Knowledge-Aware Mamba for Joint Change Detection and Classification from MODIS Times Series
Zhengsen Xu, Yimin Zhu, Zack Dewis, Mabel Heffring, Motasem Alkayid, Saeid Taleghanidoozdoozan, Lincoln Linlin Xu
TL;DR
This work tackles the challenge of detecting land-cover change from MODIS time series by addressing mixed pixels, spatiotemporal-spectral coupling, and background class heterogeneity. The authors introduce Knowledge-aware Mamba (KAMamba), combining a knowledge-guided transition loss (KAT-loss), a multi-task learning objective (pre-change/post-change classification and change detection), and a spatial-spectral-temporal Mamba backbone with sparse, deformable tokens (SSTMamba) to disentangle signals while maintaining efficiency. Key contributions include the knowledge-guided transition modeling, the joint constraint learning with differential fusion, and the SST-Mamba/SDMamba design for long-range, low-cost processing. Evaluations on Saskatchewan MODIS data show about 1.5–6% gains in average F1 for change detection and roughly 2% improvements in OA, AA, and Kappa for LULC classification, demonstrating improved ecological plausibility and robustness to class imbalance.
Abstract
Although change detection using MODIS time series is critical for environmental monitoring, it is a highly challenging task due to key MODIS difficulties, e.g., mixed pixels, spatial-spectral-temporal information coupling effect, and background class heterogeneity. This paper presents a novel knowledge-aware Mamba (KAMamba) for enhanced MODIS change detection, with the following contributions. First, to leverage knowledge regarding class transitions, we design a novel knowledge-driven transition-matrix-guided approach, leading to a knowledge-aware transition loss (KAT-loss) that can enhance detection accuracies.
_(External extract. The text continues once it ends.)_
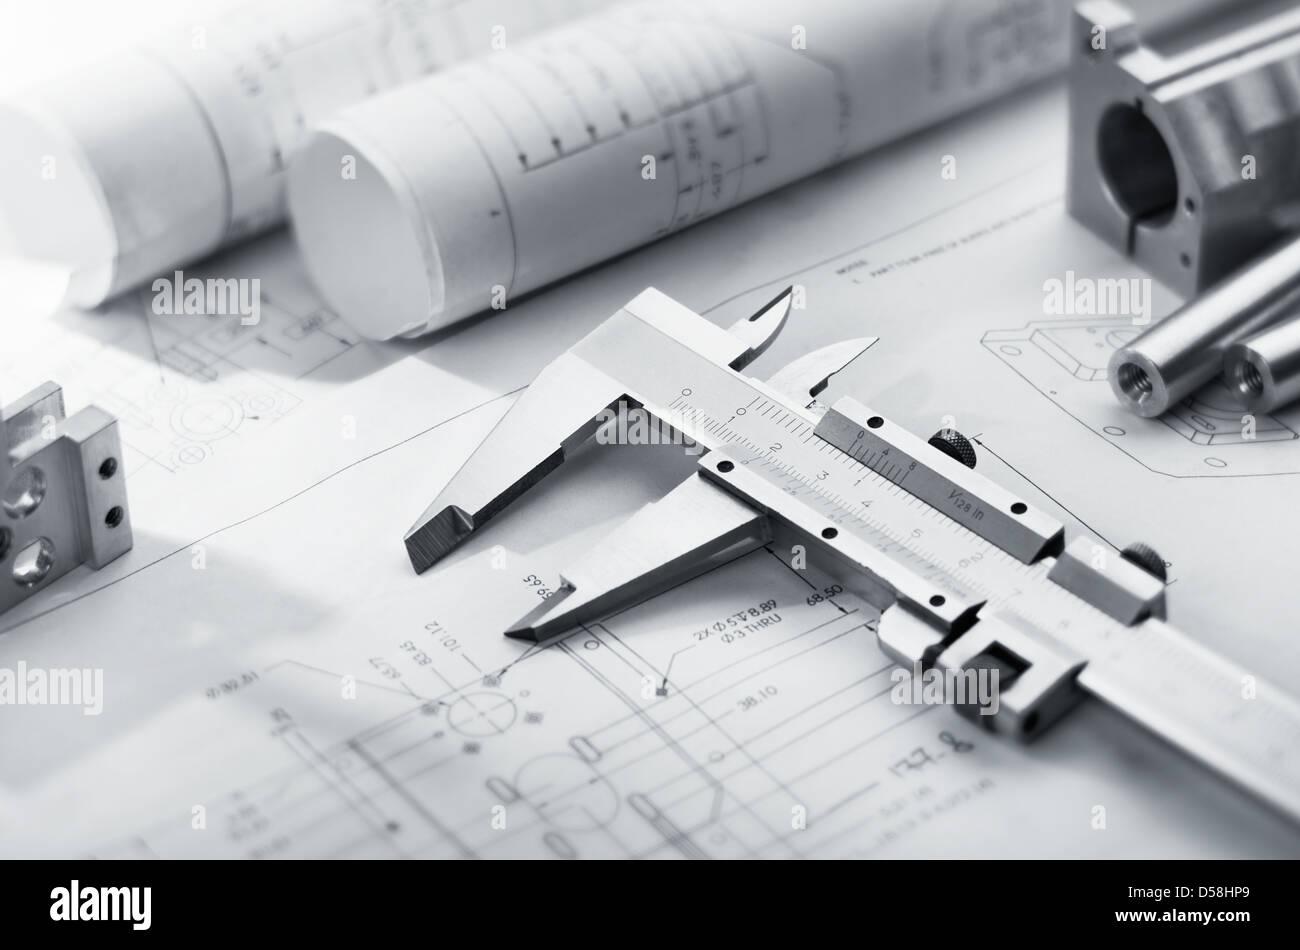 Mechanical engineering blueprint stock photos mechanical caliper and machine parts on mechanical blueprint stock image malvernweather Choice Image

Second, to improve model constraints, a multi-task learning approach is designed, where three losses, i.e., pre-change classification loss (PreC-loss), post-change classification loss (PostC-loss), and change detection loss (Chg-loss) are used for improve model learning. Third, to disentangle information coupling in MODIS time series, novel spatial-spectral-temporal Mamba (SSTMamba) modules are designed. Last, to improve Mamba model efficiency and remove computational cost, a sparse and deformable Mamba (SDMamba) backbone is used in SSTMamba. On the MODIS time-series dataset for Saskatchewan, Canada, we evaluate the method on land-cover change detection and LULC classification; results show about 1.5-6% gains in average F1 for change detection over baselines, and about 2% improvements in OA, AA, and Kappa for LULC classification.